Visual Layer accepts annotation files in the following formats:

**File Formats:**

* Parquet and CSV for structured image and object annotations
* JSON for COCO-format annotations
* YOLO format with conversion
* Segmentation masks with conversion
* Custom folder-based structures with conversion

**File Naming Requirements:**

Your annotation file must be named exactly as one of the following:

* `annotations.json`
* `image_annotations.csv`
* `object_annotations.csv`
* `image_annotations.parquet`
* `object_annotations.parquet`

<Warning>
  Visual Layer cannot process files that do not match these exact names.
</Warning>

## Preparing Annotation Files

This section explains how to structure your annotation files for Visual Layer import.

### Image Annotations

For full-image class labels, create a file named `image_annotations.csv` or `image_annotations.parquet`. Each row represents an image and its corresponding label.

**Format:**

| filename                                 | label   |
| ---------------------------------------- | ------- |
| IDX\_DF\_SIG21341\_PlasmasNeg.png        | IDX\_DF |
| IDX\_DF\_ALM00324\_PlasmasPos.png        | IDX\_DF |
| folder/IDX\_RC\_ALM04559\_PlasmasNeg.png | IDX\_RC |

**Requirements:**

* The `filename` column must contain relative paths
* The `label` column assigns a class to the entire image
* Multiple labels can be stored as a list: `['t-shirt', 'SKU12345']`
* You may include a `caption` column for textual metadata

**Example with Multiple Labels:**

| filename        | label                    |
| --------------- | ------------------------ |
| cool-tshirt.png | \["t-shirt", "SKU12345"] |
| cool-pants.jpg  | \["pants", "SKU231312"]  |

### Object Annotations

For object-level annotations, create a file named `object_annotations.csv` or `object_annotations.parquet`. Each row represents a detected object with bounding box coordinates and class label.

**Format:**

| filename                               | col\_x | row\_y | width | height | label |
| -------------------------------------- | ------ | ------ | ----- | ------ | ----- |
| Kitti/raw/training/image\_2/006149.png | 0      | 240    | 135   | 133    | Car   |
| Kitti/raw/training/image\_2/006149.png | 608    | 169    | 59    | 43     | Car   |

**Requirements:**

* `col_x` and `row_y` define the top-left corner of the bounding box
* `width` and `height` must be greater than zero
* Each row corresponds to a single object within an image

### JSON Annotations

Visual Layer supports COCO-format JSON annotations.
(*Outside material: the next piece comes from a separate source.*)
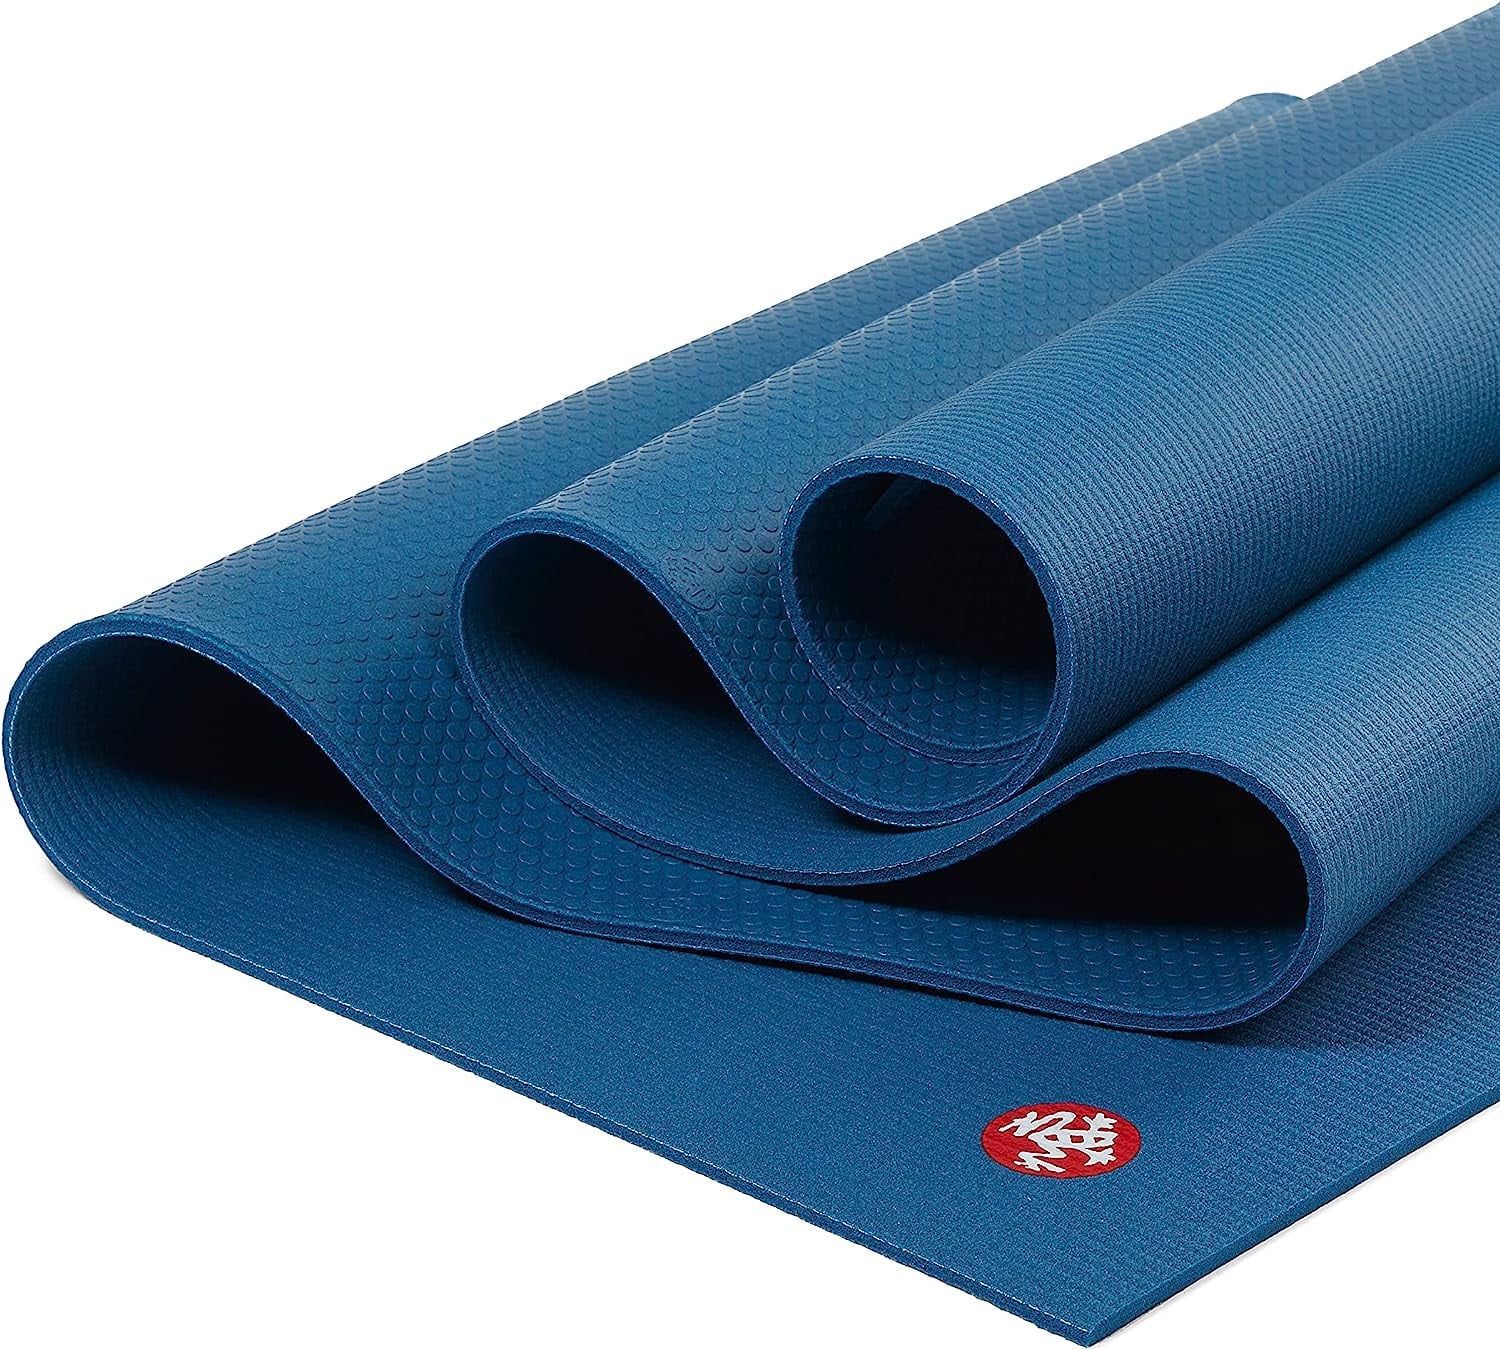 Affordable manduka pro yoga mat For Sale, Sports Equipment

Ensure the file is named `annotations.json`.

**Example Format:**

```json theme={"theme":"monokai"}
{
    "images": [
        { "id": 1, "width": 640, "height": 480, "file_name": "image1.jpg" },
        { "id": 2, "width": 800, "height": 600, "file_name": "image2.jpg" }
    ],
    "categories": [
        { "id": 1, "name": "cat" },
        { "id": 2, "name": "dog" },
        { "id": 3, "name": "t-rex" }
    ],
    "annotations": [
        { "id": 1, "image_id": 1, "category_id": 1, "bbox": [100, 100, 200, 200] },
        { "id": 2, "image_id": 2, "category_id": 2, "bbox": [50, 50, 150, 150] },
        { "id": 3, "image_id": 1, "category_id": 3 },
        { "id": 4, "image_id": 2, "category_id": 3 }
    ]
}
```

**Requirements:**

* Bounding boxes follow the format `[col_x, row_y, width, height]`
* `col_x` and `row_y` define the top-left corner
* `width` and `height` must be greater than zero
* Remove all comments before uploading

## Understanding Bounding Box Formats

Different annotation tools and datasets use different bounding box coordinate systems. This section compares common formats and shows you how to convert them to Visual Layer's format.

### Visual Layer Format

Visual Layer uses CSV format with the following structure:

| Column Name | Description                                                   |
| ----------- | ------------------------------------------------------------- |
| `filename`  | The name of the image file containing the object              |
| `col_x`     | The x-coordinate (horizontal position) of the top-left corner |
| `row_y`     | The y-coordinate (vertical position) of the top-left corner   |
| `width`     | The width of the bounding box, extending from `col_x`         |
| `height`    | The height of the bounding box, extending from `row_y`        |
| `label`     | The class or category of the detected object                  |

**Example:**

```csv theme={"theme":"monokai"}
filename,col_x,row_y,width,height,label
image1.jpg,50,30,200,150,car
image2.jpg,120,60,80,100,person
image3.jpg,15,10,50,70,dog
```

### Common Format Comparison

| Format           | Representation                        | Normalized? | File Type   |
| ---------------- | ------------------------------------- | ----------- | ----------- |
| **Visual Layer** | `[col_x, row_y, width, height]`       | No          | `.csv`      |
| **COCO**         | `[x_min, y_min, width, height]`       | No          | `.json`     |
| **VOC**          | `(x_min, y_min, x_max, y_max)`        | No          | `.xml`      |
| **YOLO**         | `[x_center, y_center, width, height]` | Yes         | `.txt`      |
| **TFRecord**     | `(y_min, x_min, y_max, x_max)`        | Yes         | `.tfrecord` |
| **LabelMe**      | `[[x_min, y_min], [x_max, y_max]]`    | No          | `.json`     |

Each format is optimized for different use cases. COCO and VOC are widely used in academic datasets, YOLO for real-time detection, TFRecord for TensorFlow-based training, and LabelMe for manual annotations.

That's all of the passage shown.